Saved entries
BEGIN
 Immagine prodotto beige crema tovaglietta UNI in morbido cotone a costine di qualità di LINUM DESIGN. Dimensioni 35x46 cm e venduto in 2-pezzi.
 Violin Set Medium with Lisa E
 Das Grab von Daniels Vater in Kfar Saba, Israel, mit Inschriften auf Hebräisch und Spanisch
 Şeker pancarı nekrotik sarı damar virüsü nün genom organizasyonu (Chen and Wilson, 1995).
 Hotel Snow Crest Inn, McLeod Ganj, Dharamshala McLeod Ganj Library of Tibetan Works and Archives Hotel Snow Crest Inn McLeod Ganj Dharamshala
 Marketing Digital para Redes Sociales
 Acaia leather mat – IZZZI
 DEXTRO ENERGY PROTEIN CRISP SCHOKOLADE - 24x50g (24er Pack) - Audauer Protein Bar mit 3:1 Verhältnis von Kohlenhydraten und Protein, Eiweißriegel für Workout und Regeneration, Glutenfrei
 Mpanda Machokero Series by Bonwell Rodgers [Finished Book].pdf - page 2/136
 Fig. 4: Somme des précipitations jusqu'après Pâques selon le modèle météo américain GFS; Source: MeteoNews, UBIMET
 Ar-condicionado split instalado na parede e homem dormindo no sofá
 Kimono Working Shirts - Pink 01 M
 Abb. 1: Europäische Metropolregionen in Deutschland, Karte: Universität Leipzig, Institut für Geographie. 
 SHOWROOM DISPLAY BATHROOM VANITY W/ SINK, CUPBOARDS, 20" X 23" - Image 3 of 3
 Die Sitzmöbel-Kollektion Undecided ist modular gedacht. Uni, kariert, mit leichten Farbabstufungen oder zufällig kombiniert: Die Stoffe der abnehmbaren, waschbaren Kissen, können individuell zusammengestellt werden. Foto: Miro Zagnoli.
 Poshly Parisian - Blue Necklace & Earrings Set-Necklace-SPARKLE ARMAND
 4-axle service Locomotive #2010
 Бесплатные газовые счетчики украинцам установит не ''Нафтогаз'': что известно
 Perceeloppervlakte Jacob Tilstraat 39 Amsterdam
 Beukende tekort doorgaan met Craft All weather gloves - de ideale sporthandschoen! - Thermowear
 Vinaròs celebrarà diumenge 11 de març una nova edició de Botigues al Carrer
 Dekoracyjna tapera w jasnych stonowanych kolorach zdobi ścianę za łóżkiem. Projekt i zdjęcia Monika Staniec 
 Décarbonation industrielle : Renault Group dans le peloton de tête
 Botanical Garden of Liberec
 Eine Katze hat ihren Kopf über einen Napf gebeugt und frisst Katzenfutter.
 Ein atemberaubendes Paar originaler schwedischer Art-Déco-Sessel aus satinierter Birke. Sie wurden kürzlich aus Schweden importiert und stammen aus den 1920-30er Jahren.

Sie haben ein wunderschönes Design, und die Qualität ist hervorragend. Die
END
*EXERCISE BRIEF*: All lines above are to be transcribed exactly.

*WRITTEN RESPONSE*:
 Immagine prodotto beige crema tovaglietta UNI in morbido cotone a costine di qualità di LINUM DESIGN. Dimensioni 35x46 cm e venduto in 2-pezzi.
 Violin Set Medium with Lisa E
 Das Grab von Daniels Vater in Kfar Saba, Israel, mit Inschriften auf Hebräisch und Spanisch
 Şeker pancarı nekrotik sarı damar virüsü nün genom organizasyonu (Chen and Wilson, 1995).
 Hotel Snow Crest Inn, McLeod Ganj, Dharamshala McLeod Ganj Library of Tibetan Works and Archives Hotel Snow Crest Inn McLeod Ganj Dharamshala
 Marketing Digital para Redes Sociales
 Acaia leather mat – IZZZI
 DEXTRO ENERGY PROTEIN CRISP SCHOKOLADE - 24x50g (24er Pack) - Audauer Protein Bar mit 3:1 Verhältnis von Kohlenhydraten und Protein, Eiweißriegel für Workout und Regeneration, Glutenfrei
 Mpanda Machokero Series by Bonwell Rodgers [Finished Book].pdf - page 2/136
 Fig. 4: Somme des précipitations jusqu'après Pâques selon le modèle météo américain GFS; Source: MeteoNews, UBIMET
 Ar-condicionado split instalado na parede e homem dormindo no sofá
 Kimono Working Shirts - Pink 01 M
 Abb. 1: Europäische Metropolregionen in Deutschland, Karte: Universität Leipzig, Institut für Geographie. 
 SHOWROOM DISPLAY BATHROOM VANITY W/ SINK, CUPBOARDS, 20" X 23" - Image 3 of 3
 Die Sitzmöbel-Kollektion Undecided ist modular gedacht. Uni, kariert, mit leichten Farbabstufungen oder zufällig kombiniert: Die Stoffe der abnehmbaren, waschbaren Kissen, können individuell zusammengestellt werden. Foto: Miro Zagnoli.
 Poshly Parisian - Blue Necklace & Earrings Set-Necklace-SPARKLE ARMAND
 4-axle service Locomotive #2010
 Бесплатные газовые счетчики украинцам установит не ''Нафтогаз'': что известно
 Perceeloppervlakte Jacob Tilstraat 39 Amsterdam
 Beukende tekort doorgaan met Craft All weather gloves - de ideale sporthandschoen! - Thermowear
 Vinaròs celebrarà diumenge 11 de març una nova edició de Botigues al Carrer
 Dekoracyjna tapera w jasnych stonowanych kolorach zdobi ścianę za łóżkiem. Projekt i zdjęcia Monika Staniec 
 Décarbonation industrielle : Renault Group dans le peloton de tête
 Botanical Garden of Liberec
 Eine Katze hat ihren Kopf über einen Napf gebeugt und frisst Katzenfutter.
 Ein atemberaubendes Paar originaler schwedischer Art-Déco-Sessel aus satinierter Birke. Sie wurden kürzlich aus Schweden importiert und stammen aus den 1920-30er Jahren.

Sie haben ein wunderschönes Design, und die Qualität ist hervorragend. Die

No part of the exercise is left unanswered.